Editor’s note: This column was submitted as part of a nationwide campaign to raise awareness for Teach For America, and was facilitated by TFA staff.
If your Facebook feed is anything like mine these days, it’s filled with articles and posts from all sides of the political spectrum as people seek to make sense of changing social and political climate. But underneath the chaos, I see my friends grappling with the big question of our time: how will our generation create the future we dream of?
As a soon-to-be graduate, I’ve spent a lot of time thinking about my personal role in shaping our nation’s future — thinking beyond logging into social media or donating a few bucks to the causes that matter to me. Because when I added up my day-to-day actions, I couldn’t kick the feeling that it just wasn’t enough. And that lingering feeling brought me to Teach For America.

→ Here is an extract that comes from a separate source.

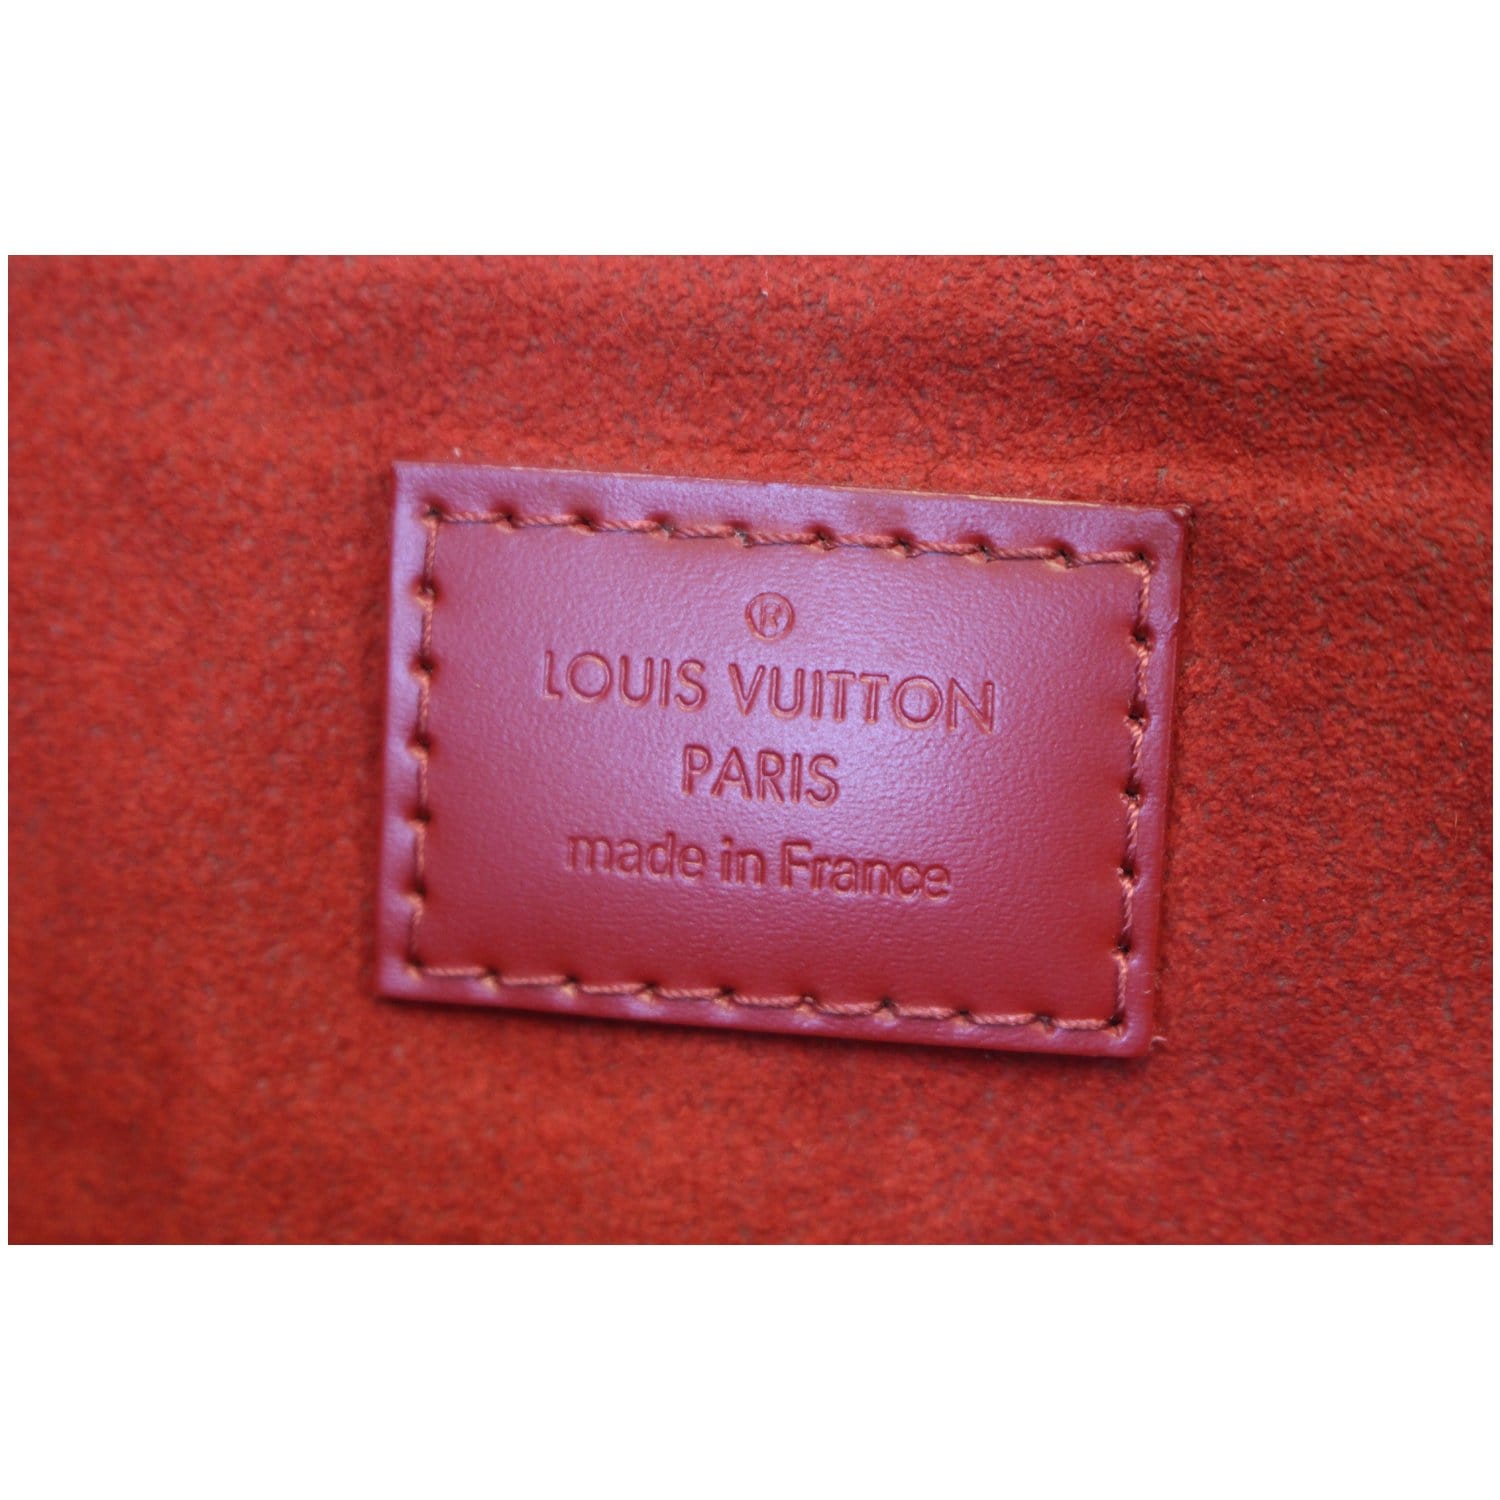 LOUIS VUITTON Caissa Tote MM Tote Bag N41548｜Product  Code：2101213722159｜BRAND OFF Online Store

It isn’t always obvious how someone like me, a human development major, makes the decision to step into a classroom after graduation. If you asked me a year ago to forgo graduate school on the west coast to teach high school biology in Mississippi, I would have said you were crazy. But from where I sit today, the decision to bring my passion, leadership, and energy to a classroom is a no-brainer.
As the senior intern at Cornell’s Cooperative Extension Urban-Outreach program, I’ve had the opportunity to make a direct impact in the Ithaca community alongside other amazing leaders. Whether it was planning programming or engaging the children and their high school counselors, I loved knowing that I was leaving my mark on the city we call home. Even in the moments where I was chasing 30 energetic kids around the Sciencenter, I could be certain I was living out my values and investing my time in things that mattered. Looking back, it was exactly these experiences that defined my time in college and prepared me to take on the most important leadership position of my life thus far — shaping the next generation from the head of a classroom.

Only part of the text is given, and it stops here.